What to do:
Only the lines below from the one containing "karl-goepfert-platzhalterbild-header" to the one containing "Incendiu violent, în" should be repeated, both included and unchanged.

Data excerpts:

● ● ● ●

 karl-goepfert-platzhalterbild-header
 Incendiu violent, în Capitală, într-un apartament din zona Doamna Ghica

● ● ● ●

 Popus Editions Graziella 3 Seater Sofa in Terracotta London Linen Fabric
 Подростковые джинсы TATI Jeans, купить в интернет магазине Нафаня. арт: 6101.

● ● ● ●

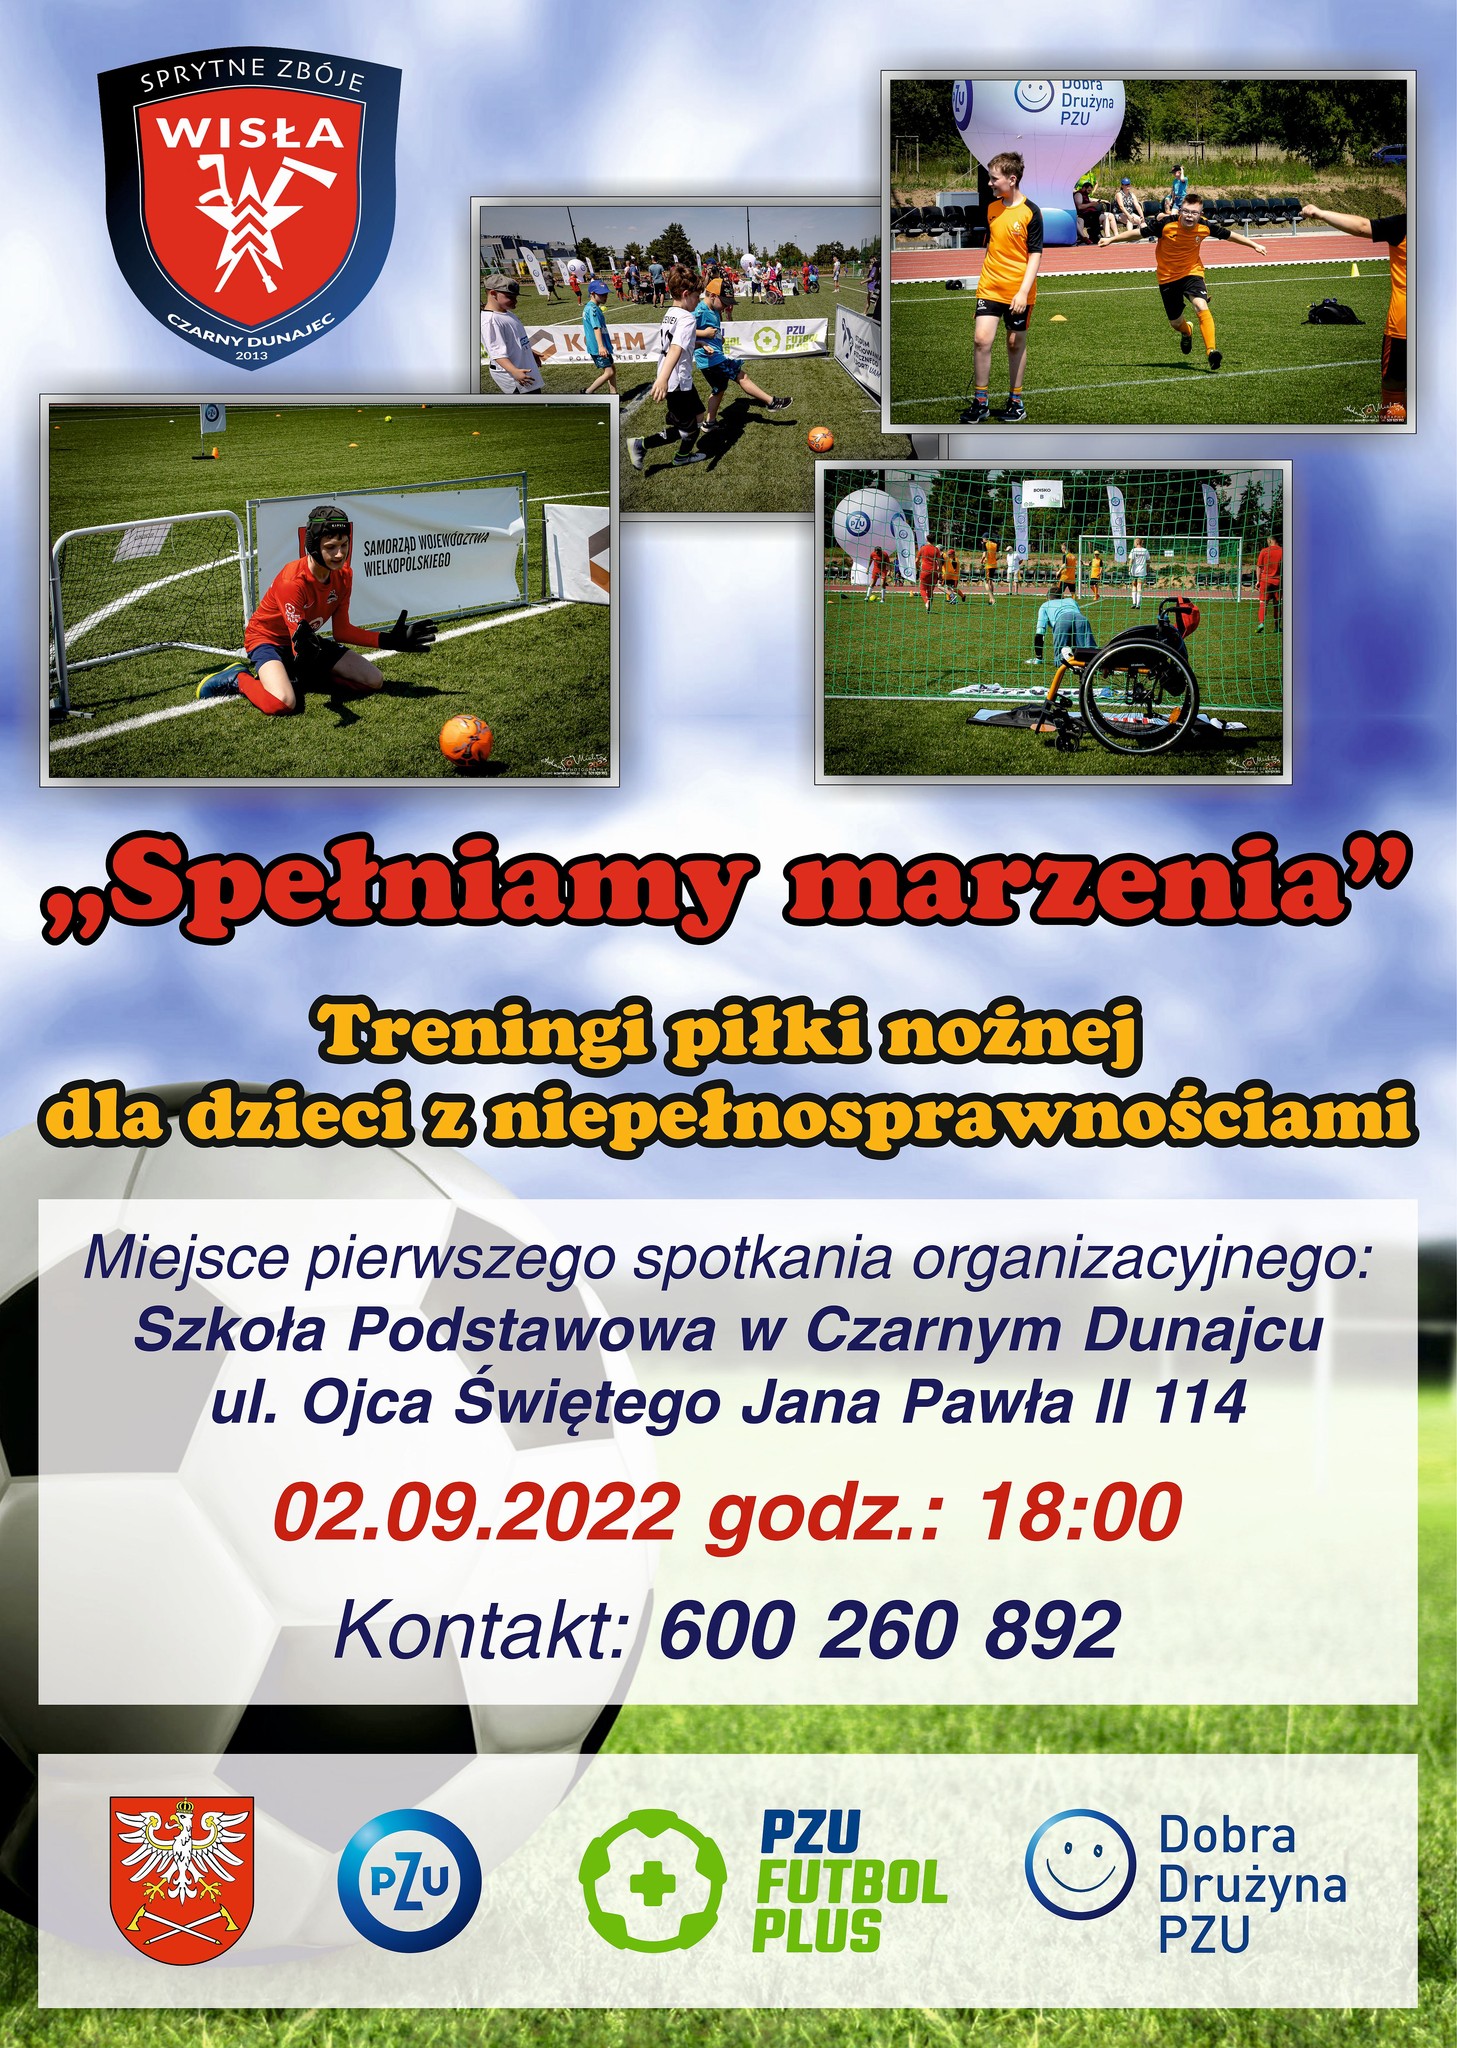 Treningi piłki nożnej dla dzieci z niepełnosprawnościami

● ● ● ●

Result of the task:
 karl-goepfert-platzhalterbild-header
 Incendiu violent, în Capitală, într-un apartament din zona Doamna Ghica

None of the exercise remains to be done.